Girls are still being trained by the books they read to see reading as a visual act, as a way of performing this particular kind of postfeminist (as Opel calls it throughout her work) femininity, though J. K. Rowling carefully subverts this image in Harry Potter and the Sorcerer’s Stone. When Potter meets Hermione Granger, Rowling’s bookish heroine, she is neither reading nor looking wistfully out a train window while holding a book. She comes around helping a fellow eleven-year-old find his lost toad. She recognizes Harry’s name, and remarks, “I know all about you, of course – I got a few extra books for background reading, and you’re in Modern Magical History and The Rise and Fall of the Dark Arts and Great Wizarding Events of the Twentieth Century” (106). Hermione knows the contents of the books, and they are neither novels, nor “pleasure reading” as the phrase is commonly used. Hermione’s pleasure is in knowledge gained from reading, not in the romance of the act itself. Hermione is also not described to Rowling’s readers as particularly idyllic, either in appearance or personality. “She had a bossy sort of voice, lots of bushy brown hair, and rather large front teeth” (105). The impression we get from these two illustrative passages is of someone in complete control of her mind, but who, by some necessity, does not keep such tight reins on her appearance as Rousseau would have counseled. This “natural” impression also has precedence in nineteenth-century painting.
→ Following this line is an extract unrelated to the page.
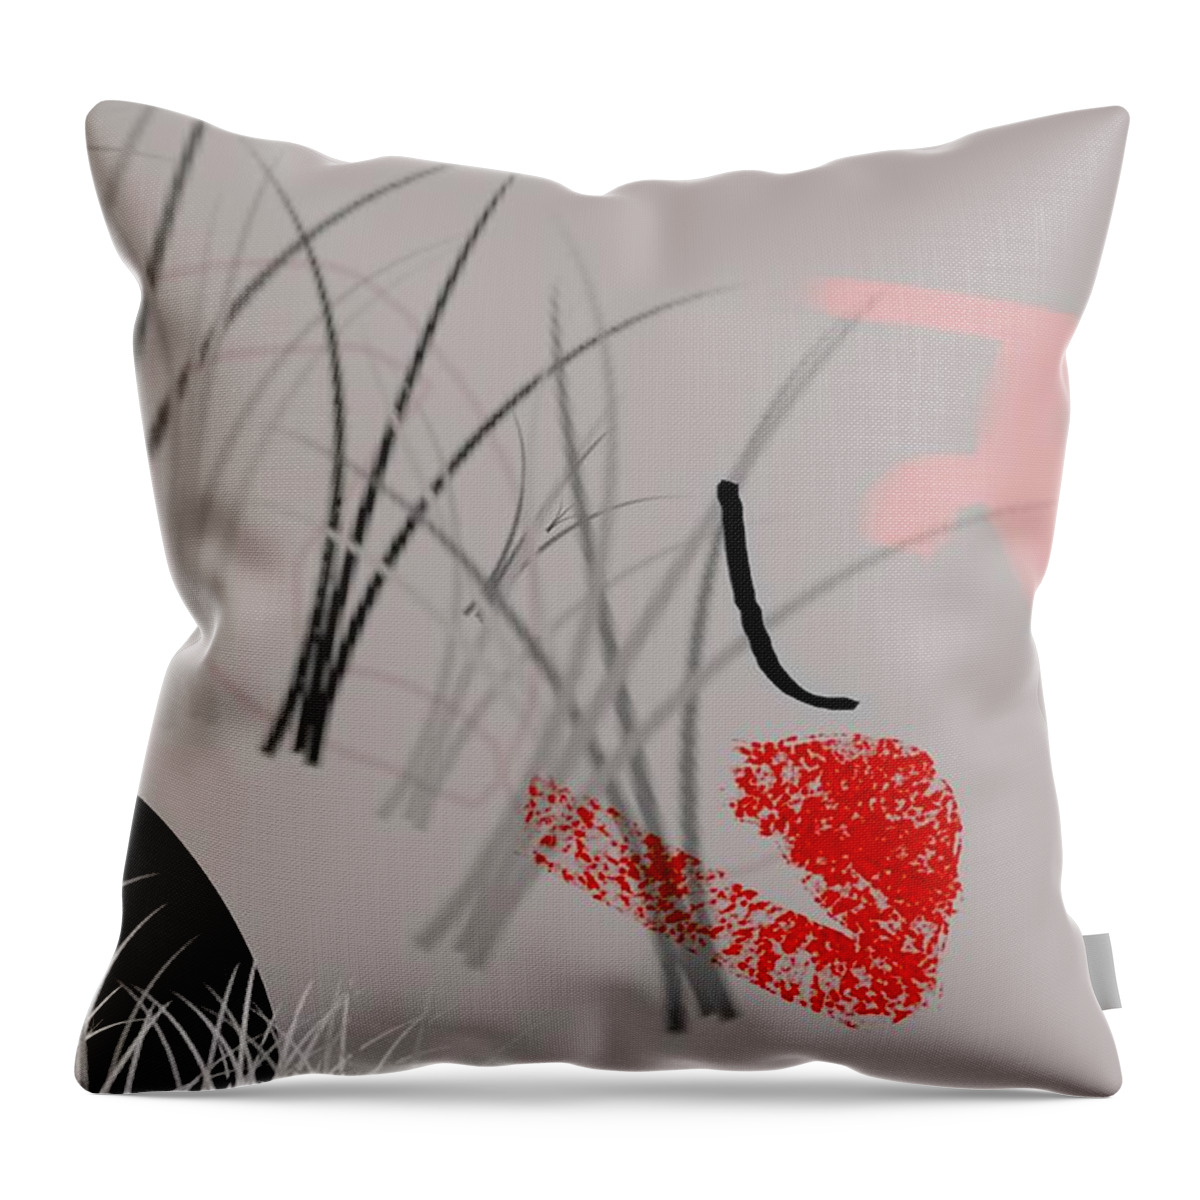 Abstract Throw Pillow featuring the photograph Survival by Diana Angstadt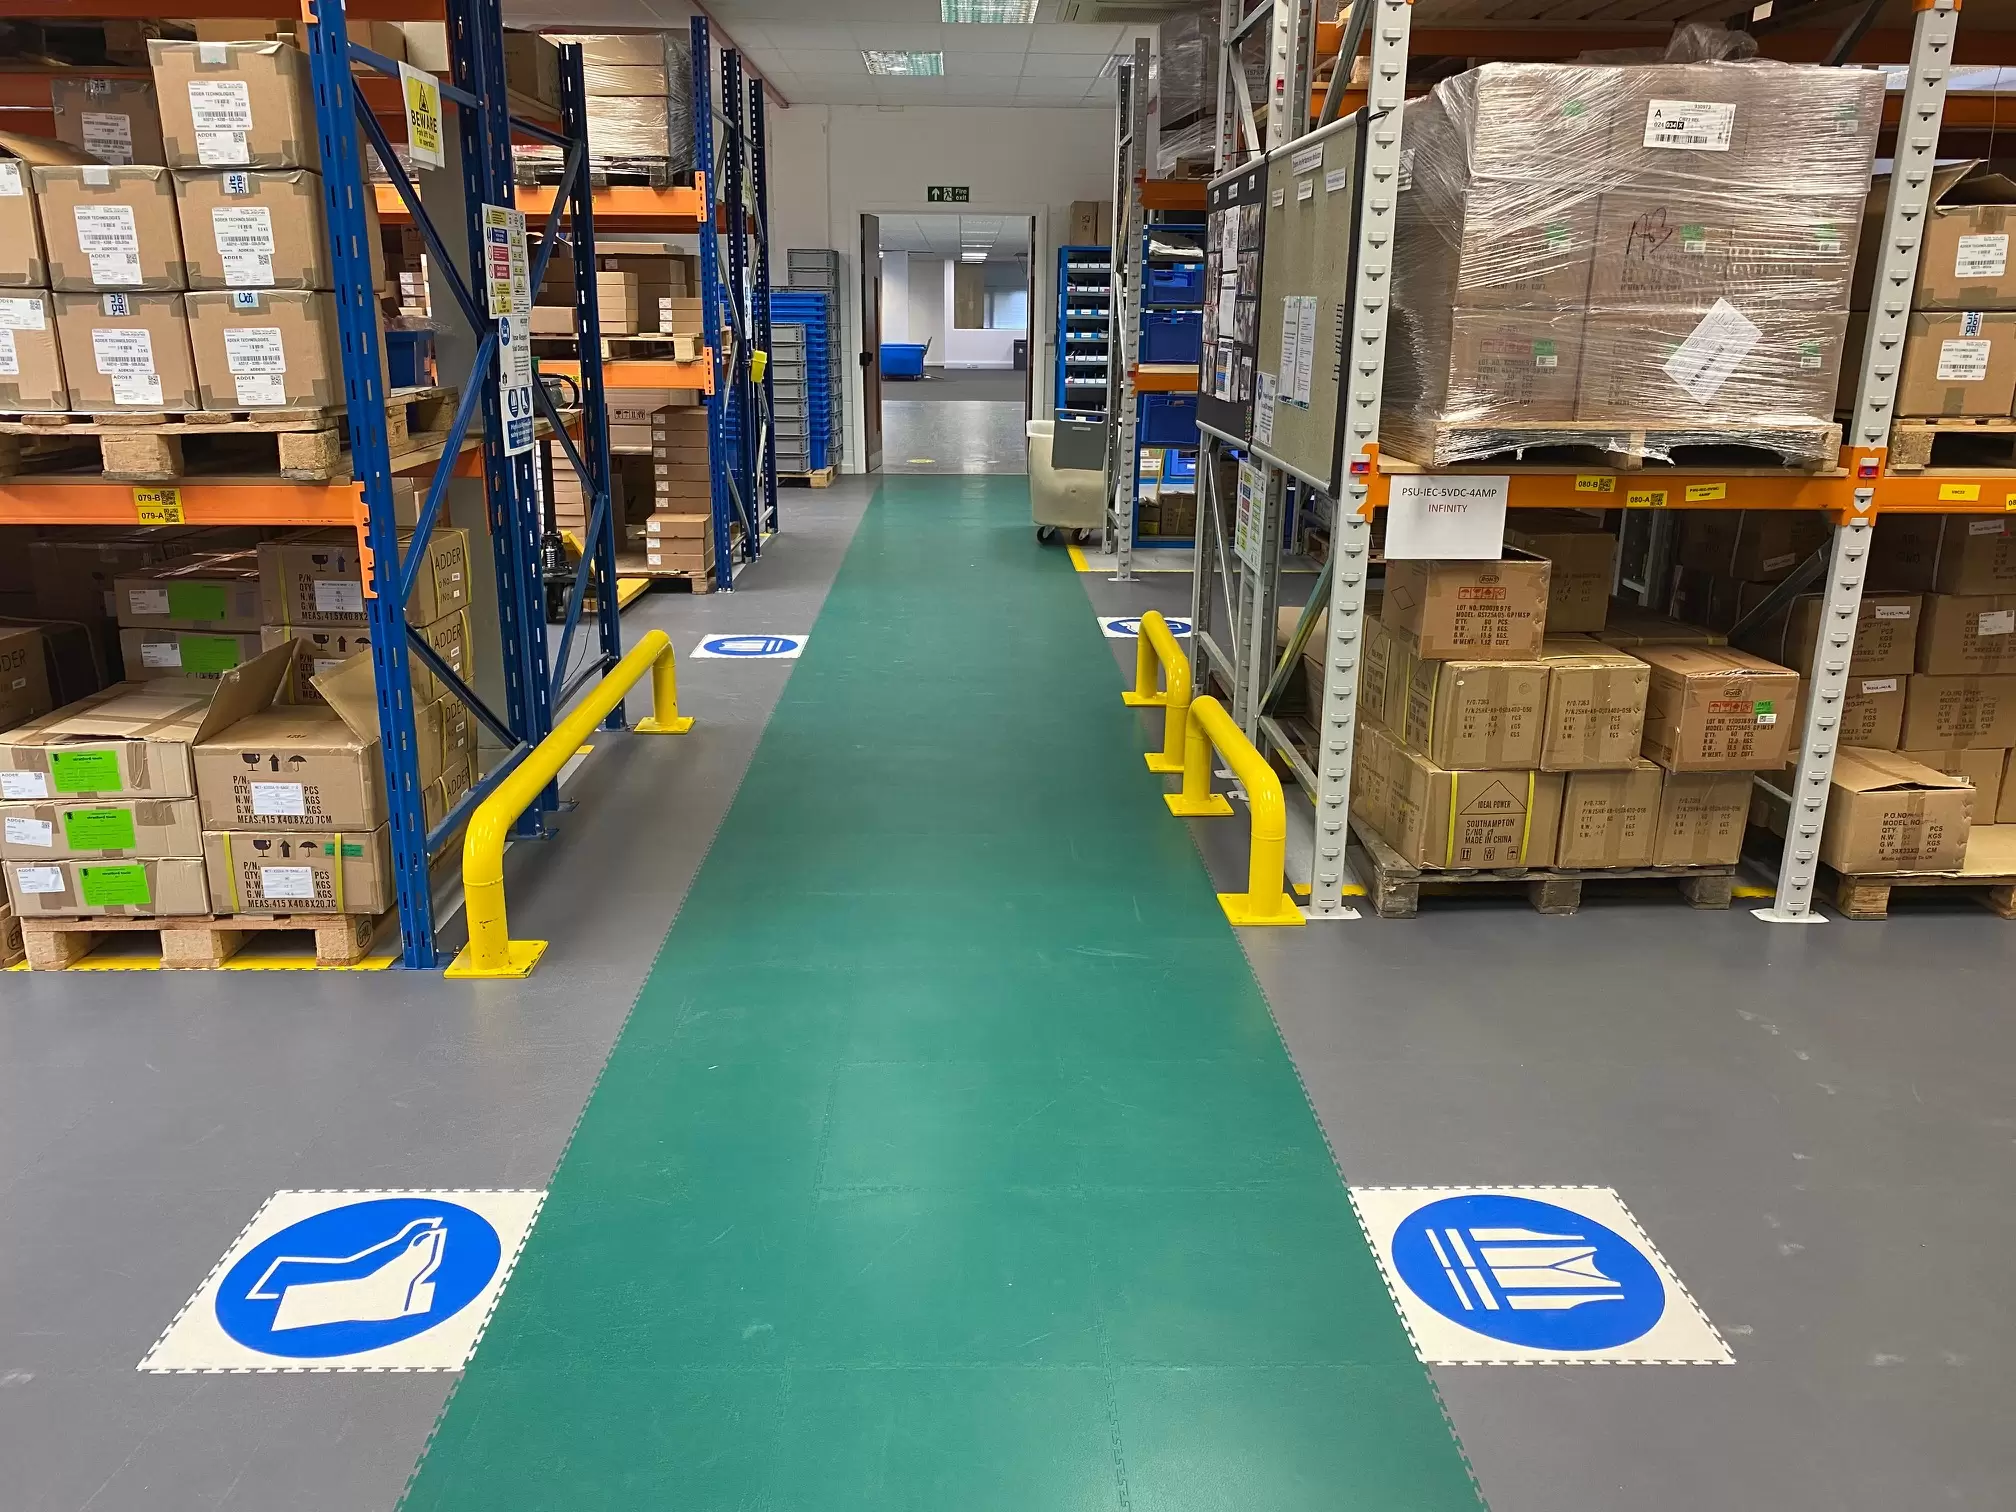 Combining green ecotiles and safety messages to create a safe walkway in a warehouse

In any of depiction of a reader, the observer gives meaning to the act of reading, whether that observer is an artist, a writer, the reader herself, or perhaps even a sociologist or historian. Observers are readers, and reading isn’t just the processing of words on the page; if so, a photocopier could be said to read. Reading is interpretive and creative, and as these long nineteenth-century writers and painters read the body of a reader, they multiply its meanings. It may be an expression of beauty and grace, the loss of innocence, luxury, idleness, desperate escapism, hubris, self-expression, pedagogy, moral instruction, privacy, defiance, compliance, or a performance of gender. It could be more than these, and more than one at once. Only with this understanding would one be able to properly conduct a more thorough historical study of these images than I have attempted. In doing so, we would not only gain insight into the changes occurring among the meanings of the act of reading, but into the relationship between audience and expression or self-expression through images of reading.